8: Food, Glorious Food

The week has definitely taken its toll on my body. I took it very easy in the morning, resting a bit in my room after breakfast and then heading out about 9 to make a circle around old Tours. I started with a bike-pushing stroll through Saturday flower market which stretches the length of the meridian in the main boulevard in front of the train station.

The next stop was les Halles, the food market. The outdoor farmers’ market was in full force when I got there, tables piled with beautiful produce, fresh eggs, local wines—it was very difficult not to buy one of everything, so I took lots of pictures and settled for buying a cantaloupe. Then it was on to the indoor portion of the market, the “deli” area. Oh my God! There were also a few fruit/vegetable stands but mostly the large hall was filled with cheese vendors, butchers, bakeries, fish markets, deli-stands with olives and prepared foods. It was almost (note that I say “almost”) sensory overload. My, oh, my. I composed a picnic fit for the Gods.

Following my visit to the market I visited the wine store across the way where I bought one of my few trip souvenirs—a new corkscrew. How appropriate.

After that I did a little more riding through old Tours and paid an extended visit to the Cathedral. I really do like this church! This time an organist was practicing and he/she was very good. It was a pleasure to sit for a few minutes and enjoy—and think of all of the times I’ve spent in churches listening to various friends play the organ.

On the way towards the train station I had a slight hunger attack (it must have been all of that food I had been seeing) and stopped at a little bakery and bought two incredibly divine little pastries. I documented their beauty with a photo before devouring them on the spot.

After riding the train to Langeais I made my way to the center of town and ate my heavenly picnic on a bench with the chateau on my left and a mill pond and a view of the church to the right. [And yes, that pastry snack was only an hour and a half earlier. What can I say; I did burn quite a few calories riding in the heat of the day…] After my leisurely picnic I made a short stop at the church and then got out of town at around 2.

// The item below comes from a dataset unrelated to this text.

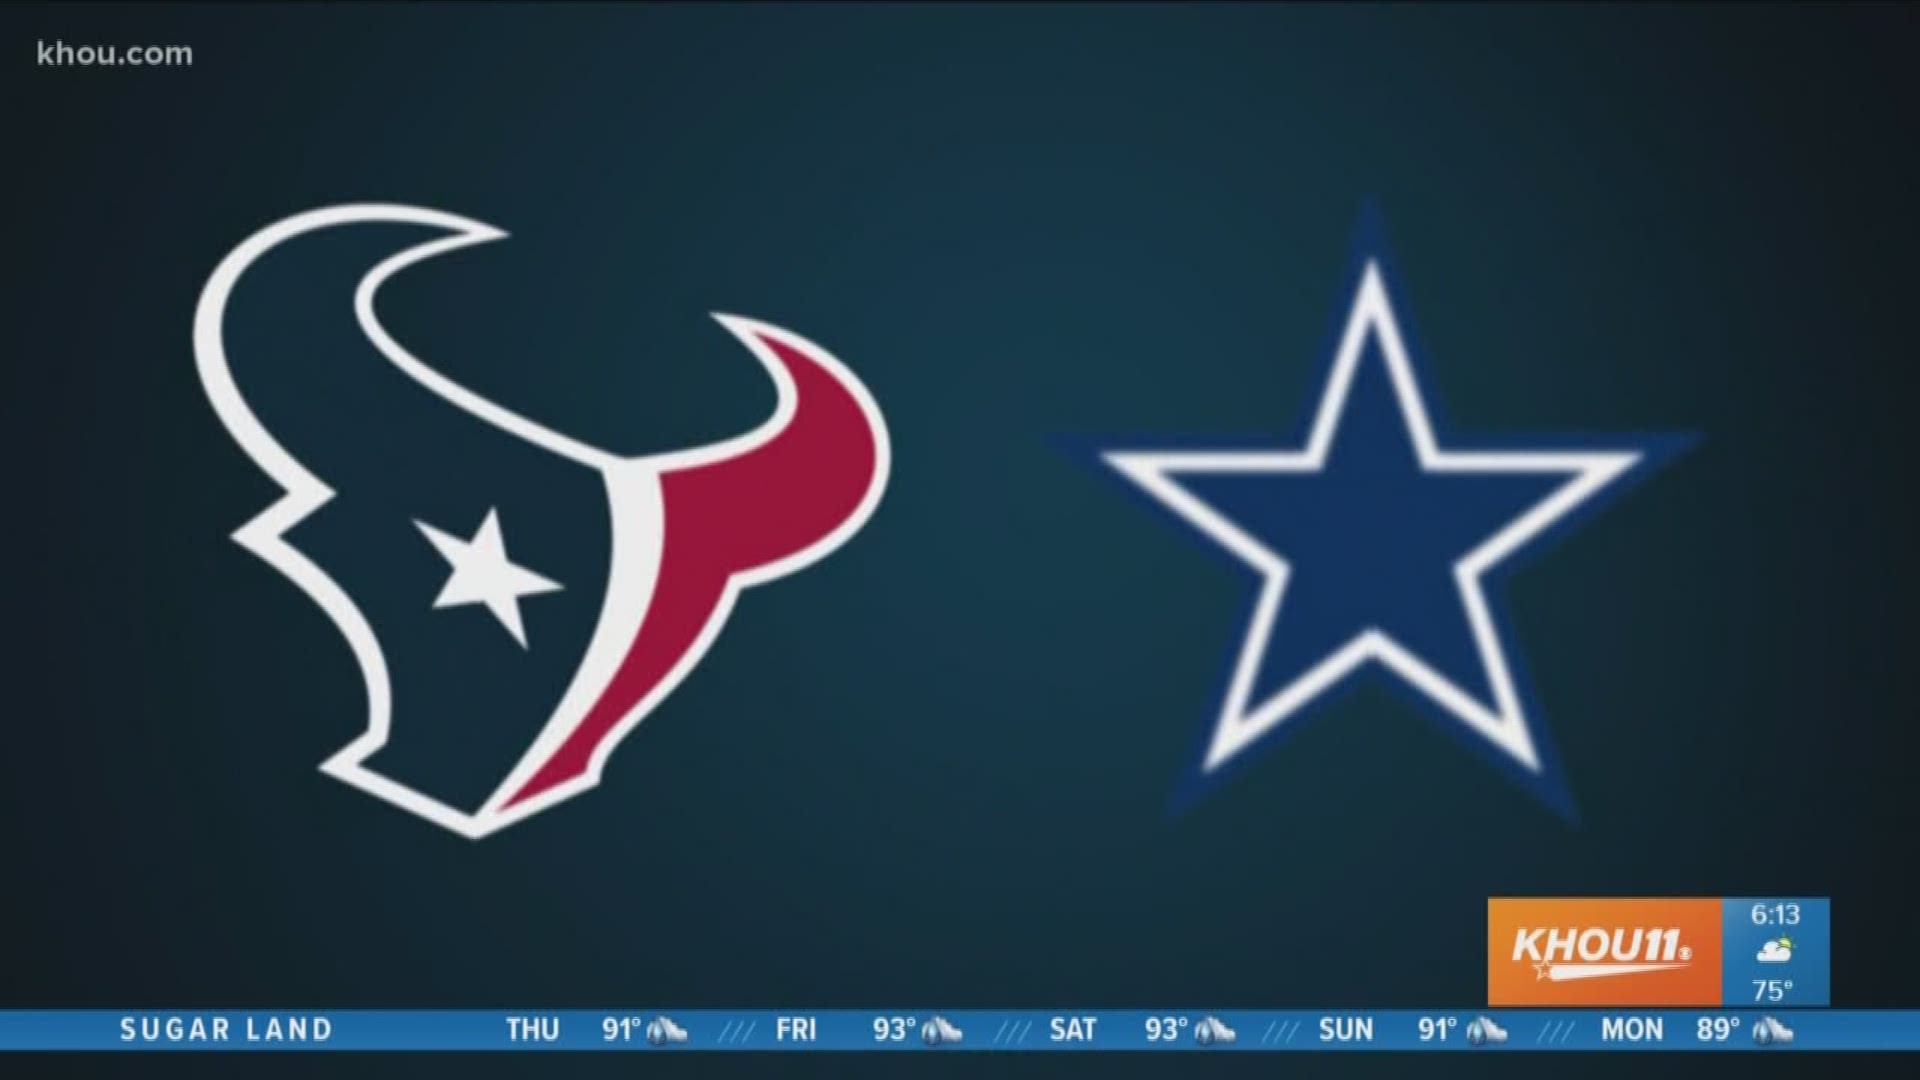 It's a Texas-sized showdown as the Texans take on the Cowboys Thursday night at NRG Stadium. Brandi Smith broke down the long-standing rivalry between the two cities.

The following 18km were some of the slowest I’d ridden (1hr 20min) but they were totally lovely. The first stretch was on a levee along the Loire, with the river on the left and sweeping fields to the right. The next section went away from the Loire through farmlands and a forest of uniformly planted birch trees with wonderful light streaming through the branches. The last stretch went right along the river Indre into Azay-le-rideau. I paid the admission price to get into the grounds and stroll around but didn’t go into the chateau itself—I just wasn’t into crowds. So I celebrated my last chateau visit of the week with an ice cream creation enjoyed on the terrace facing the chateau.

On the way back to Langeais I realized part of the reason for my slow tempo on the way into town—there was a long gradual climb stretching several kilometers before coming into Azay-le-rideau. It was so gradual I hadn’t really noticed that it was a climb—I just thought I was a wimp. My trip back to Langeas was much quicker!

As I arrived back in Langeais, I saw to my delight that a “Broquant” was being set up; a street fair with artisan booths (as well as tacky stuff) and (my favorite, of course) lots of stands featuring grilled locally-produced meats. Believe it or not, I didn’t actually eat anything, just photographed the grilling, and strolled around until it was time to catch the train back into Tours.

Back in Tours, I had a lovely “last supper” in France at the same restaurant I’d eaten in my first night in town. It wasn’t as good at the first night, but still quite nice and the service was wonderful, so I hesitate to complain.